The economic data released on Friday, March 4, showed 30,000 more jobs were added in December and January than previously reported. Investors were also watching the non-farm employment figure, which measures the change in the number of employed people during the previous month, excluding the farming industry. The outcome was 242,000, much higher than the estimate of 195,000. The unemployment rate, however, remained unchanged from the previous month and matched the forecast.
These crucial numbers, which were much-awaited by investors, aren’t likely to lead to another rate hike at the Federal Reserve’s meeting next week. However, fear that the US economy was running into a recession was eased. The distant possibility of rising interest rates helped the non-interest–bearing precious metals like gold, which surged 0.99% to close at $1,270.70 per ounce. Gold touched its 13-month high of $1,280.70 per ounce on the same day.
ETFs and miners
Despite a few strong numbers from last week, rising interest rates seem distant, which helps not only gold but also other precious metals like silver, platinum, and palladium. These three metals rose 3.6%, 4.6%, and 3.8%, respectively, on Friday, March 4. The iShares Silver Trust (SLV) and the Global X Silver Miners ETF (SIL) rose 1.8% and 2%, respectively, on the same day.

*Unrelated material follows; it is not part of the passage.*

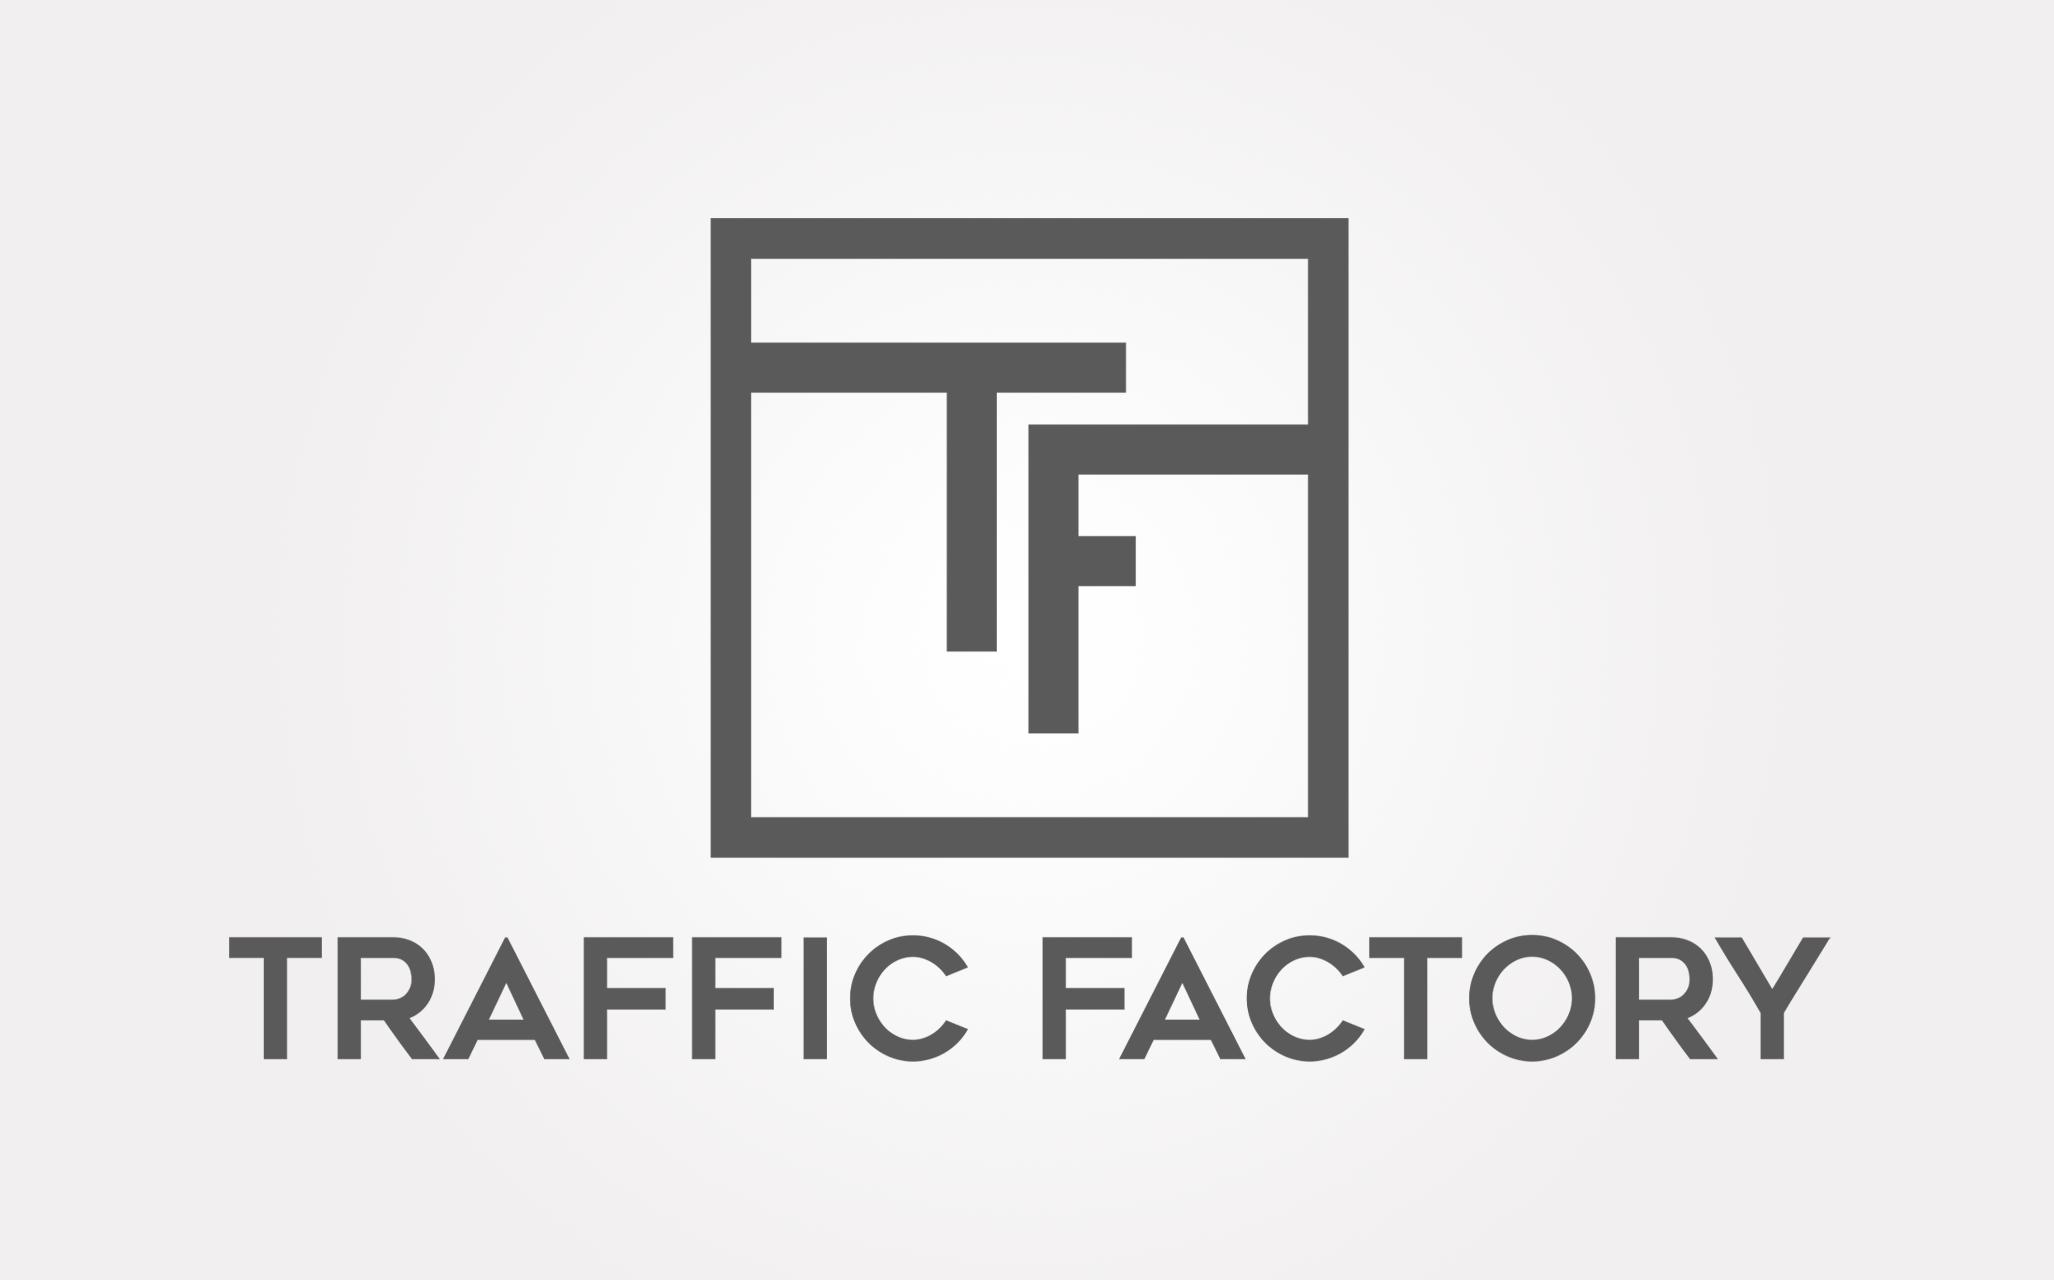 traffic-factory-logo-2.png

Many mining-based shares rose on Friday due to the increase in the precious metals. The best-performing precious metal miners on Friday included Eldorado Gold Corporation (EGO), B2Gold (BTG), and First Majestic Silver Corporation (AG). These three stocks rose 7.1%, 7.7%, and 2.7%, respectively, on Friday. These three companies make up 6.4% of the VanEck Vectors Gold Miners ETF (GDX). GDX, however, fell 0.55% due to fall of most of the mining shares.